The friends sat there silently seething at each-other for three deep minutes.

“So what is it then,” Claudette finally ventured. “Explain why you’re with her!”

“Yehhh don’t think I haven’t asked myself a million times,” she sighed. “You seen her. You seen how she likes to show me up in public. You seen how she always takes control when we go anywhere. You seen – ”

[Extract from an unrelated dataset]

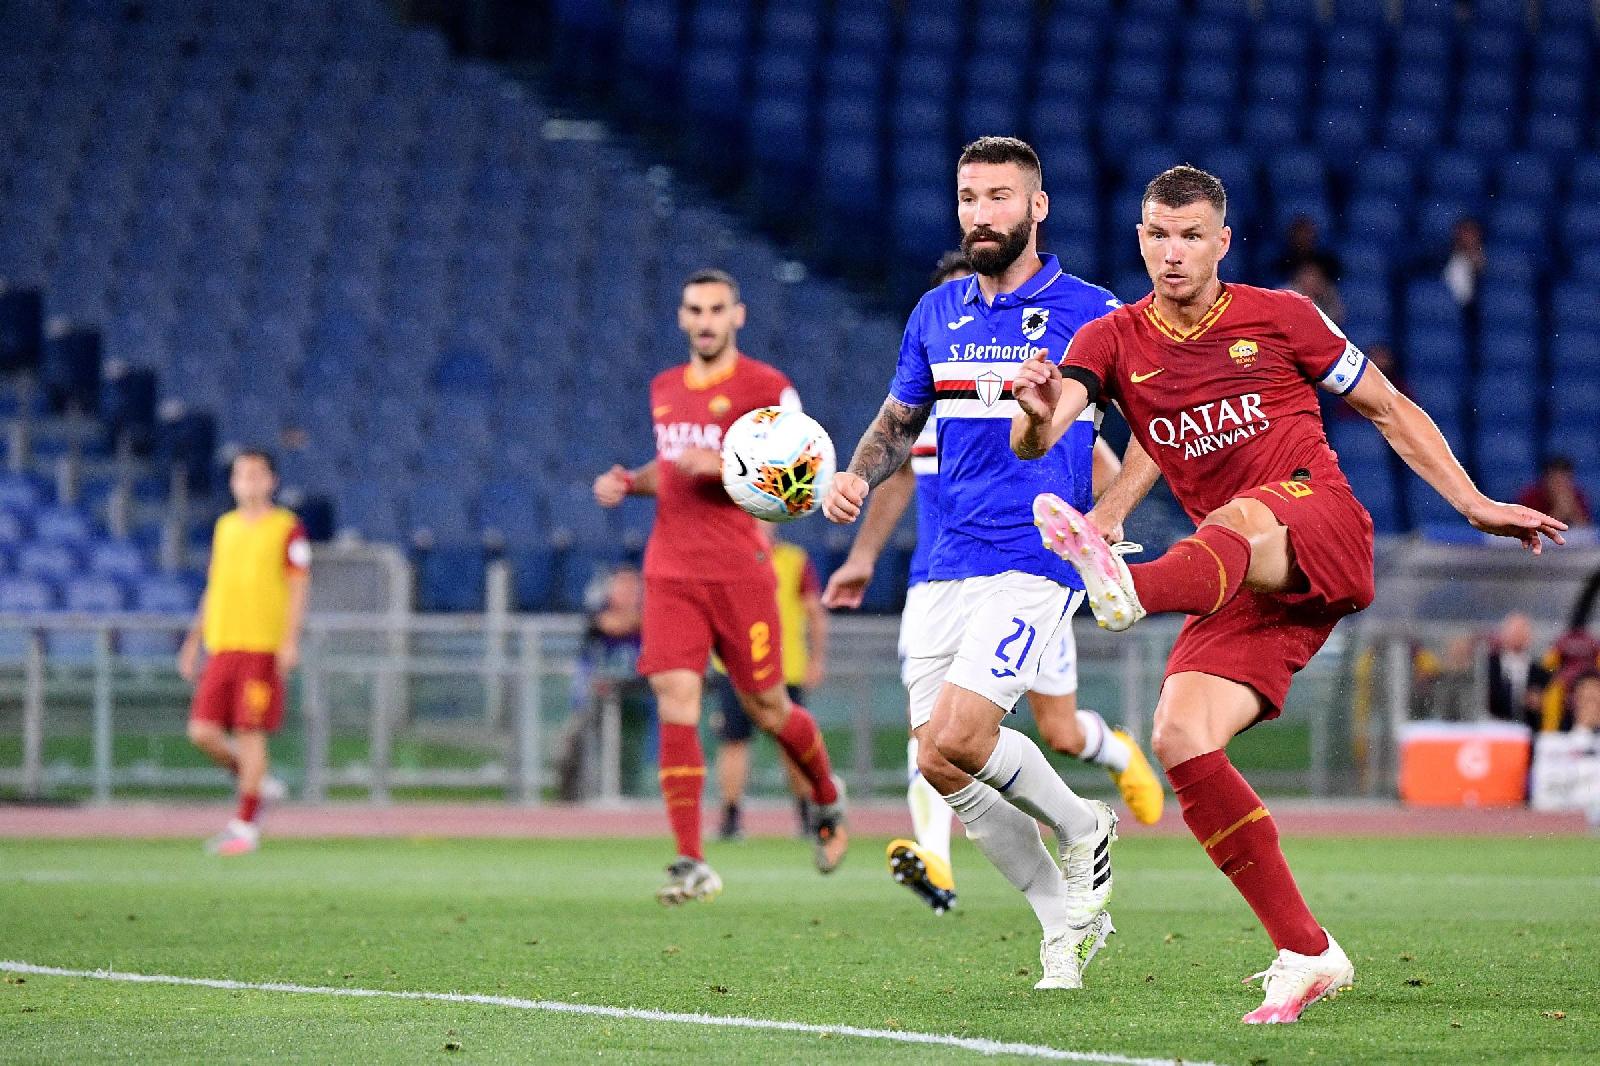 24 giugno 2020: alla ripresa del campionato dopo lo stop per il Covid, la Roma batte la Samp. Nella foto il gol dell’1-1 di Dzeko ©LaPresse

“So answer the fucking question Sal!”

“You see, she’s let me in – ”

“I don’t want to know about your sex-life!” Claudette attempted to joke.

“Be serious gal. See, only I know why she is as she is. I met her evil controlling parents who made her childhood a misery. Always putting her down. Challenging her. Badmouthing her.”

“So? No one I know had an easy childhood.”

“Did you know she’s dyslexic?”

“That’s no big deal these days – ”

“It was when she was growing up. See in those days people called her stupid. Like her teachers. Always going on at her. And see, she knew they were wrong. She just couldn’t see how to spell things”

“Ok, so?”

“So! So she had to prove to herself. And to her teachers. And to her parents. All the time. And cry every night.”

“So that gives her the right to always put people down? The way she puts you down in public all the time? The way she put me down when we went out that time? How can you live with that?”

“She’s not like that when we’re together alone! Believe me!”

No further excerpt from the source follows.